Omit every picture, then return the listing verbatim.

[Source data]:
-- Opening Marker --

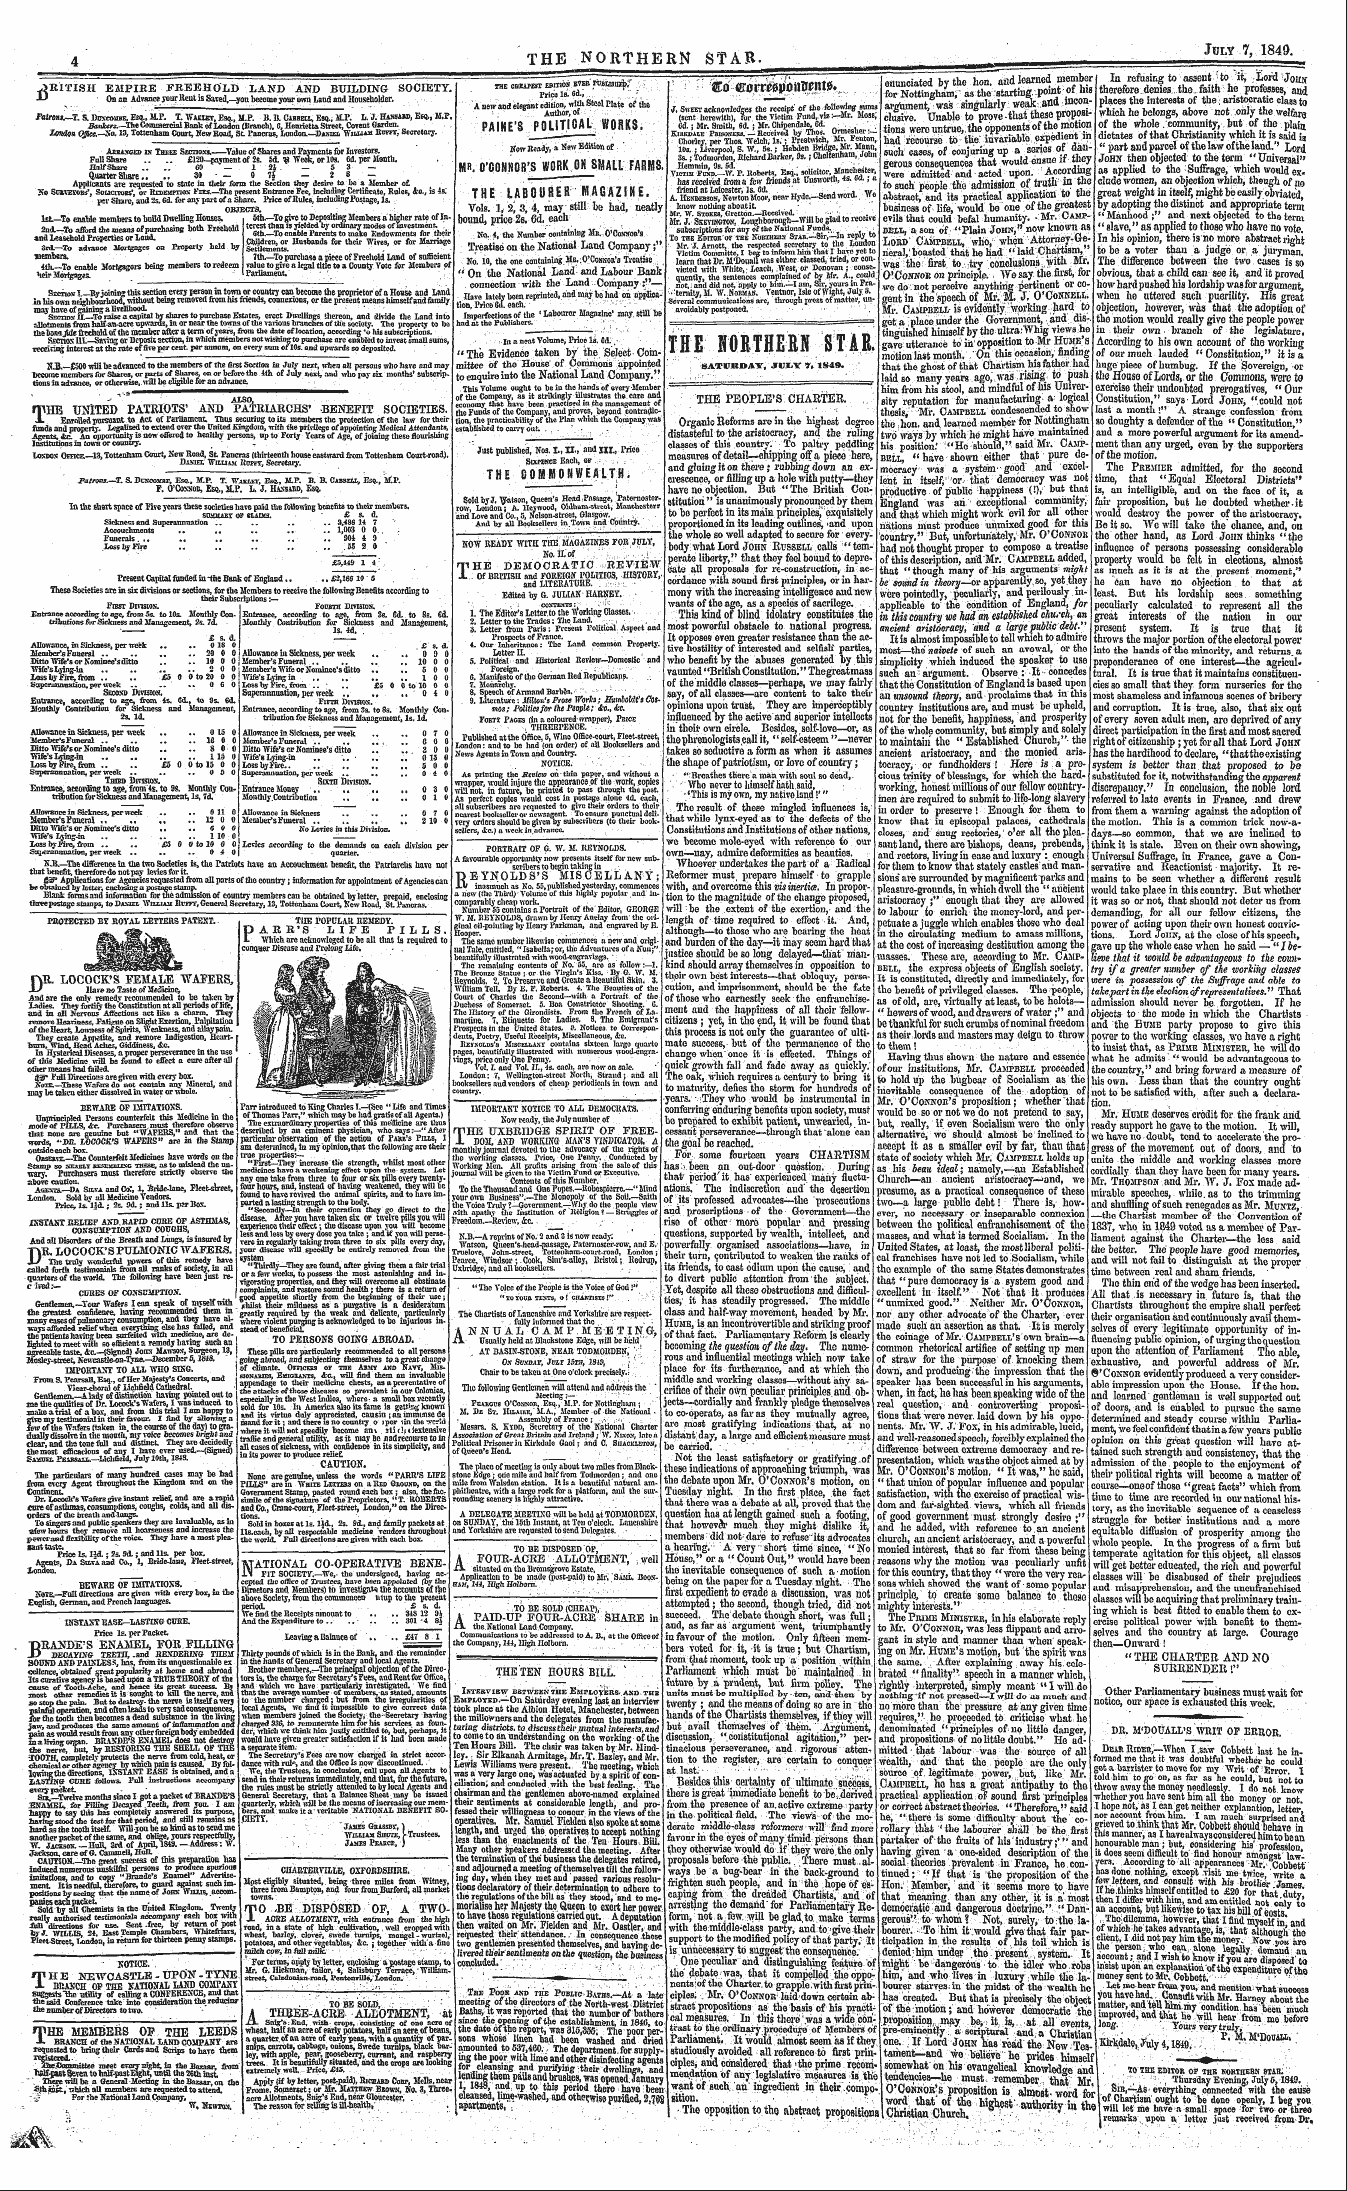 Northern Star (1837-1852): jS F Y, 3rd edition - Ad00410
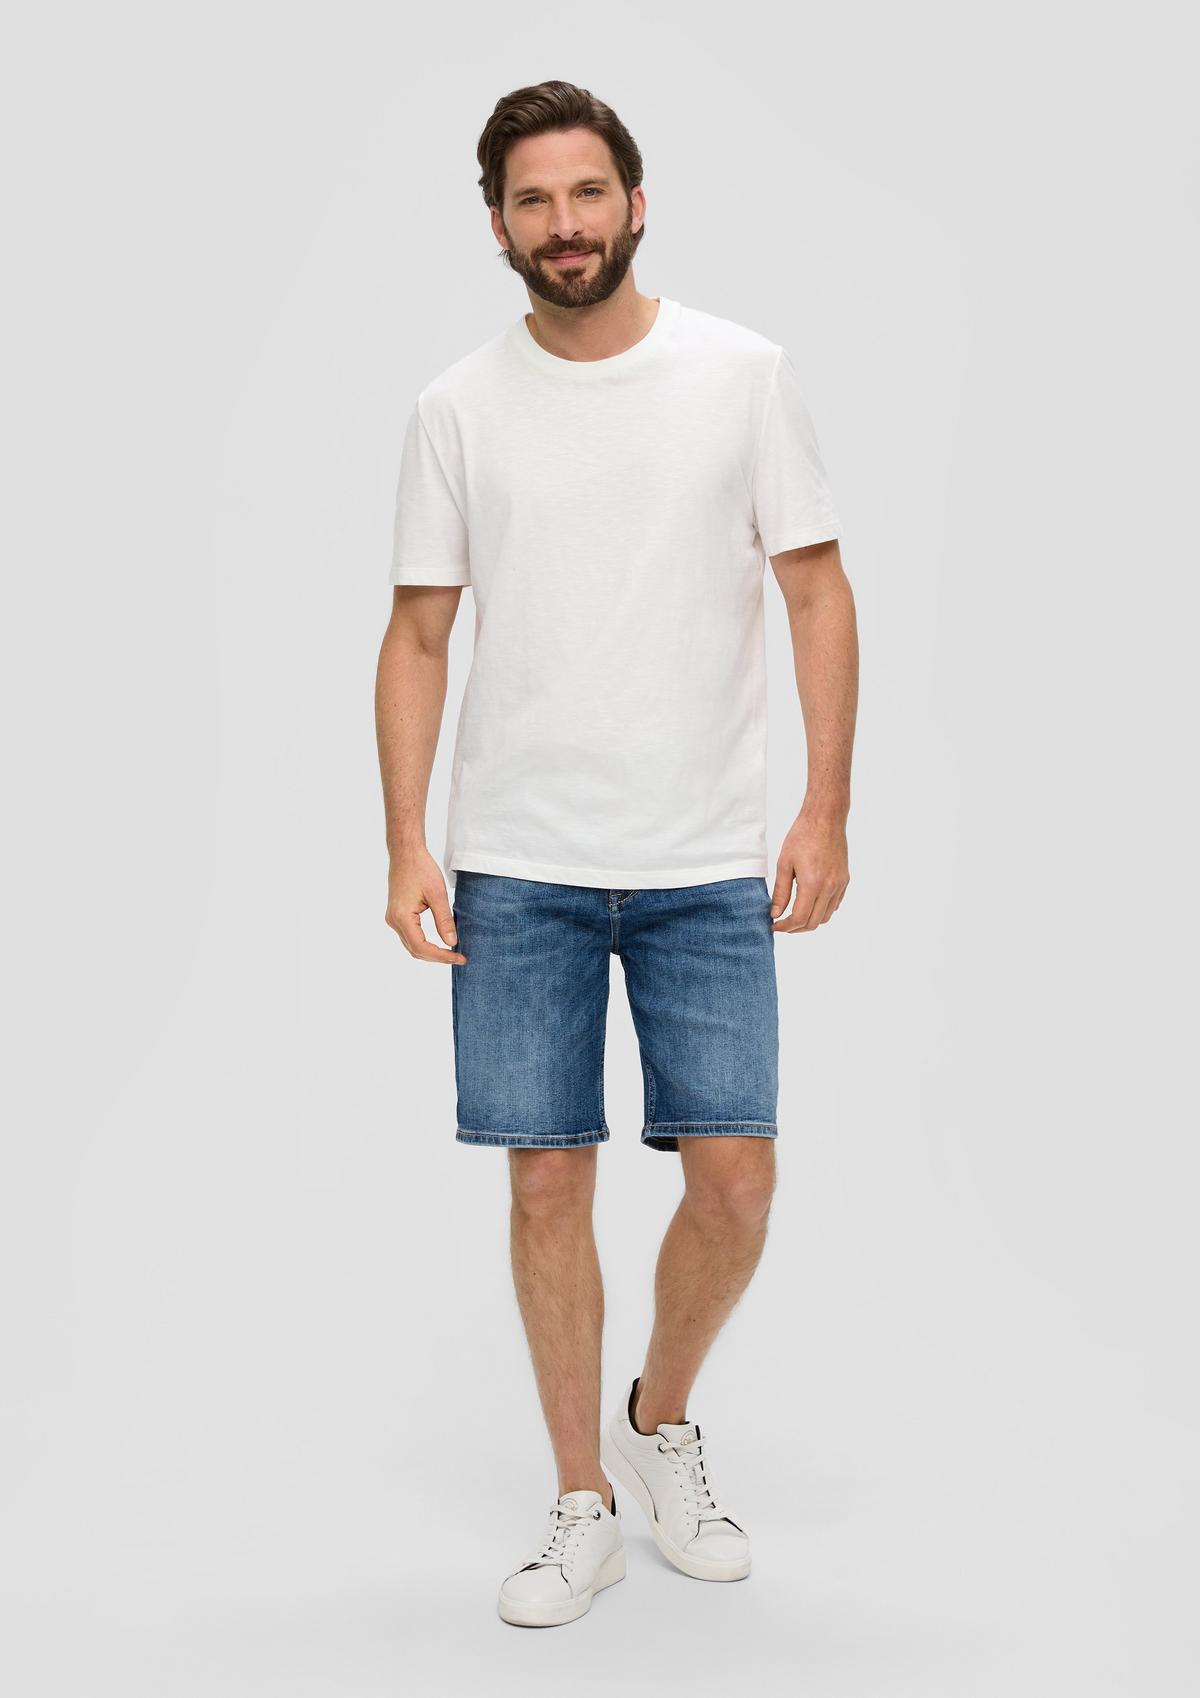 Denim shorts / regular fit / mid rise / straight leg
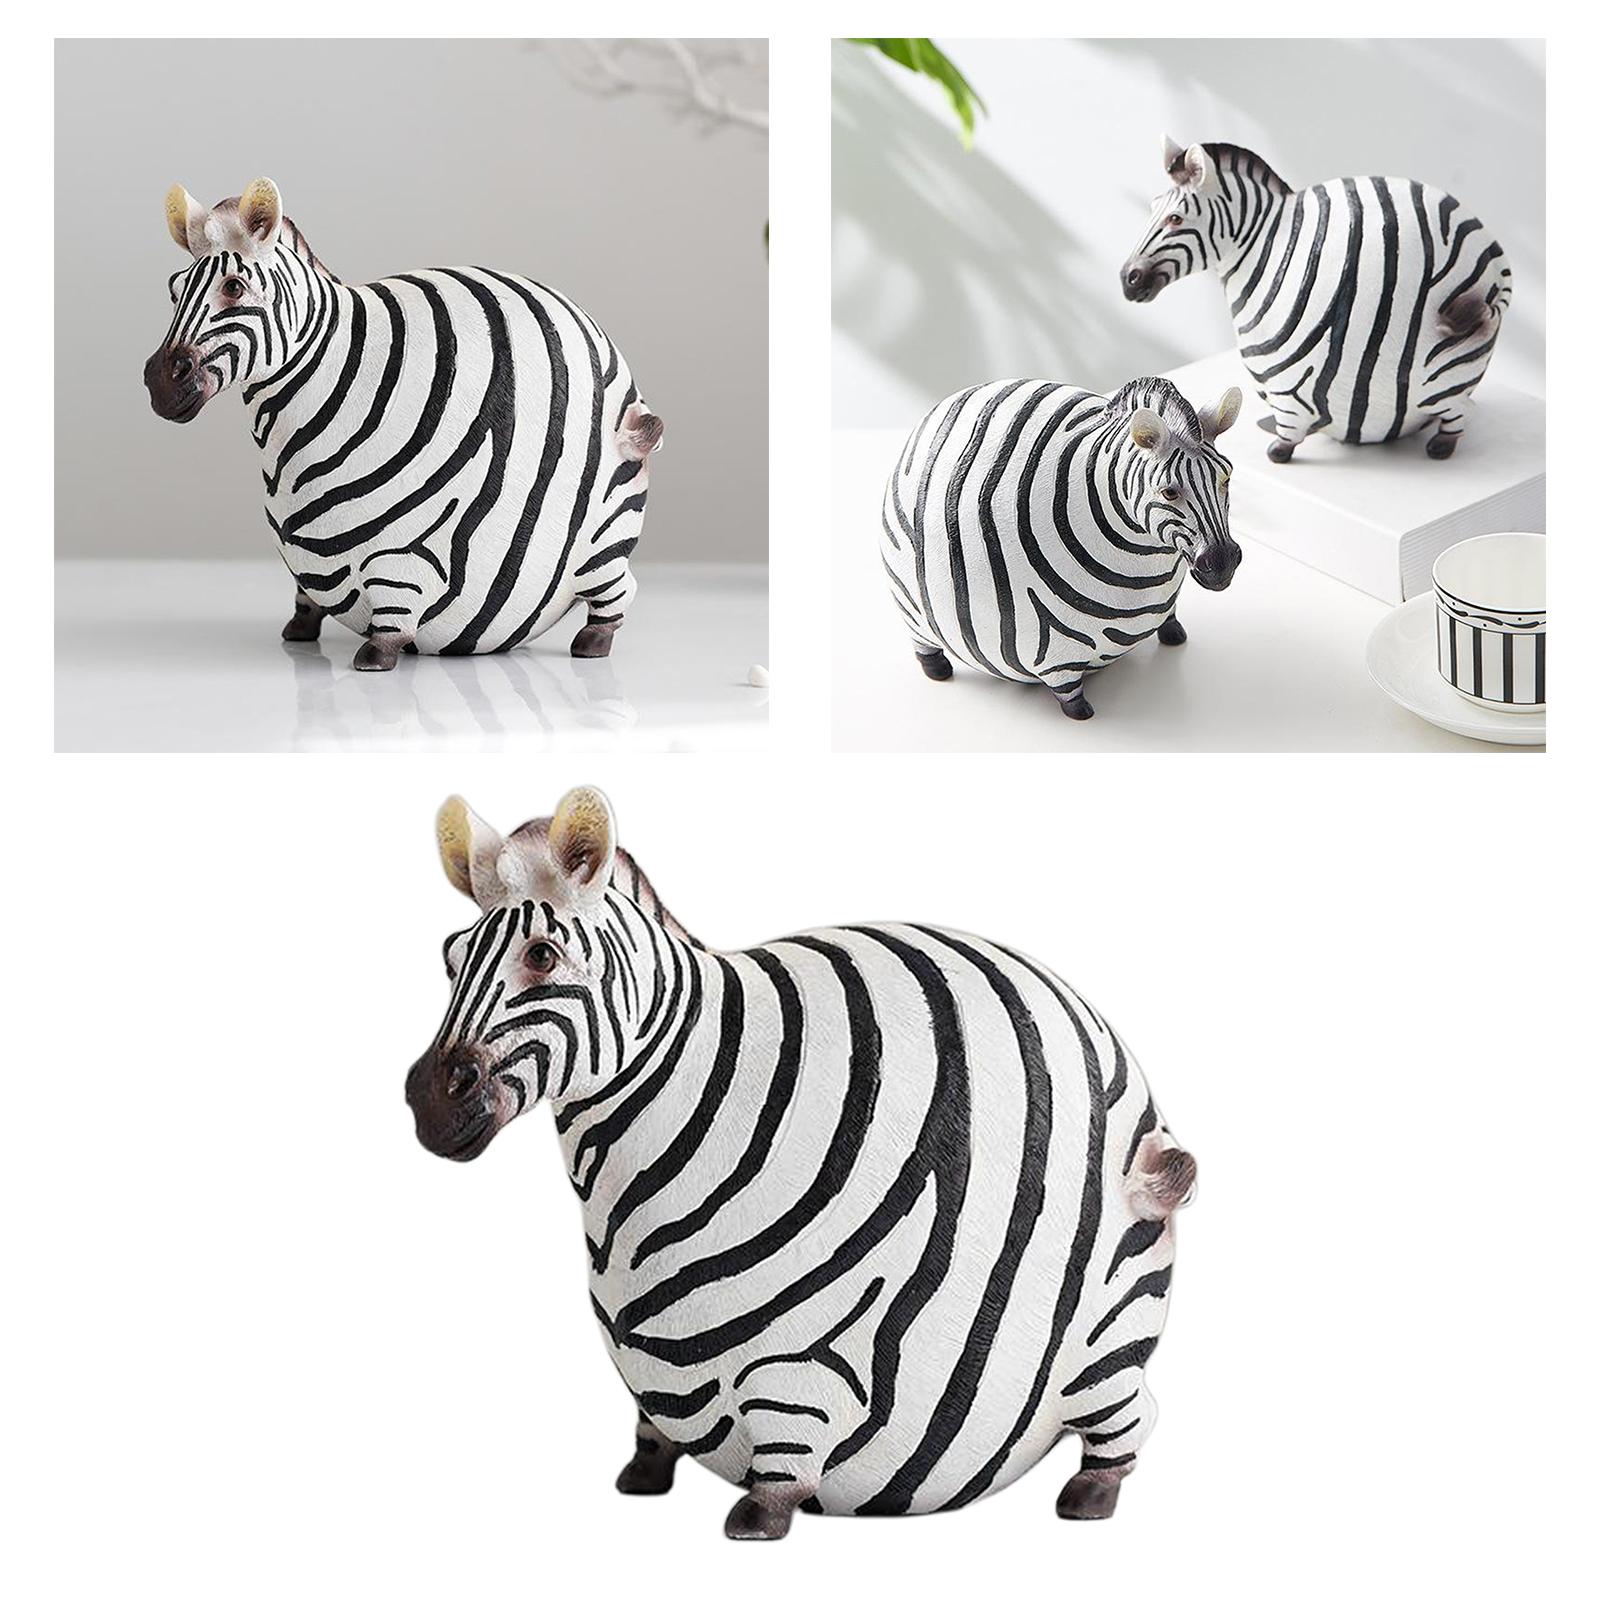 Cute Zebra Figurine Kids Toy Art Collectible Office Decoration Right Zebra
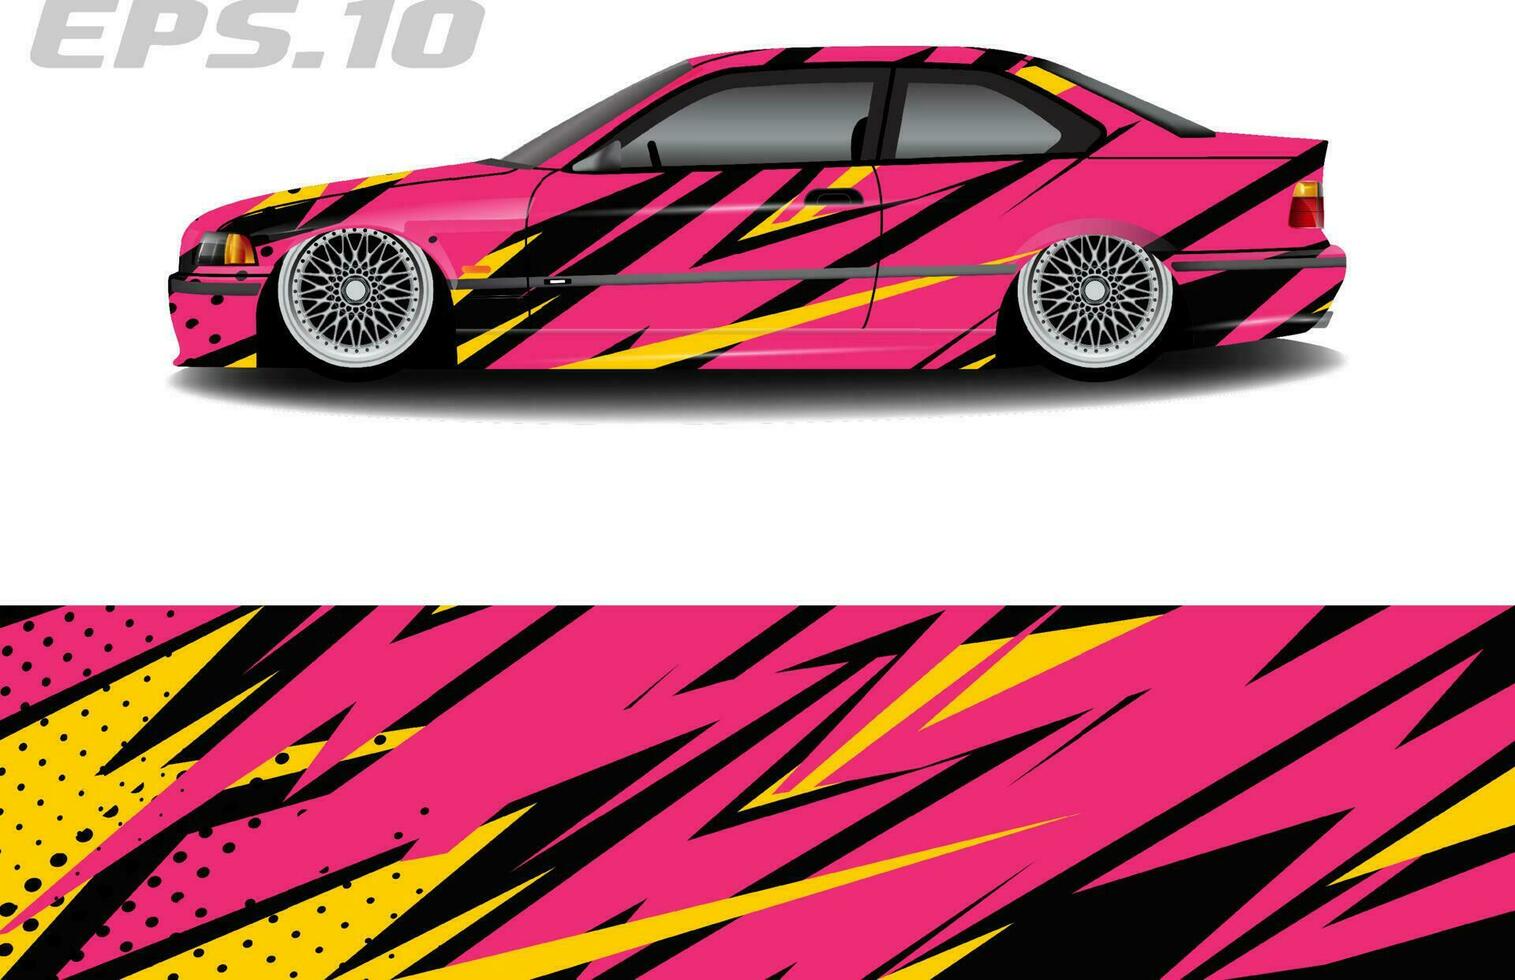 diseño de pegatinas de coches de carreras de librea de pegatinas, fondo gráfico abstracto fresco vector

-- Closing Marker --

[Answer to the exercise]:
 Northern Star (1837-1852): jS F Y, 3rd edition - Ad00410
 Denim shorts / regular fit / mid rise / straight leg
 Cute Zebra Figurine Kids Toy Art Collectible Office Decoration Right Zebra
 diseño de pegatinas de coches de carreras de librea de pegatinas, fondo gráfico abstracto fresco vector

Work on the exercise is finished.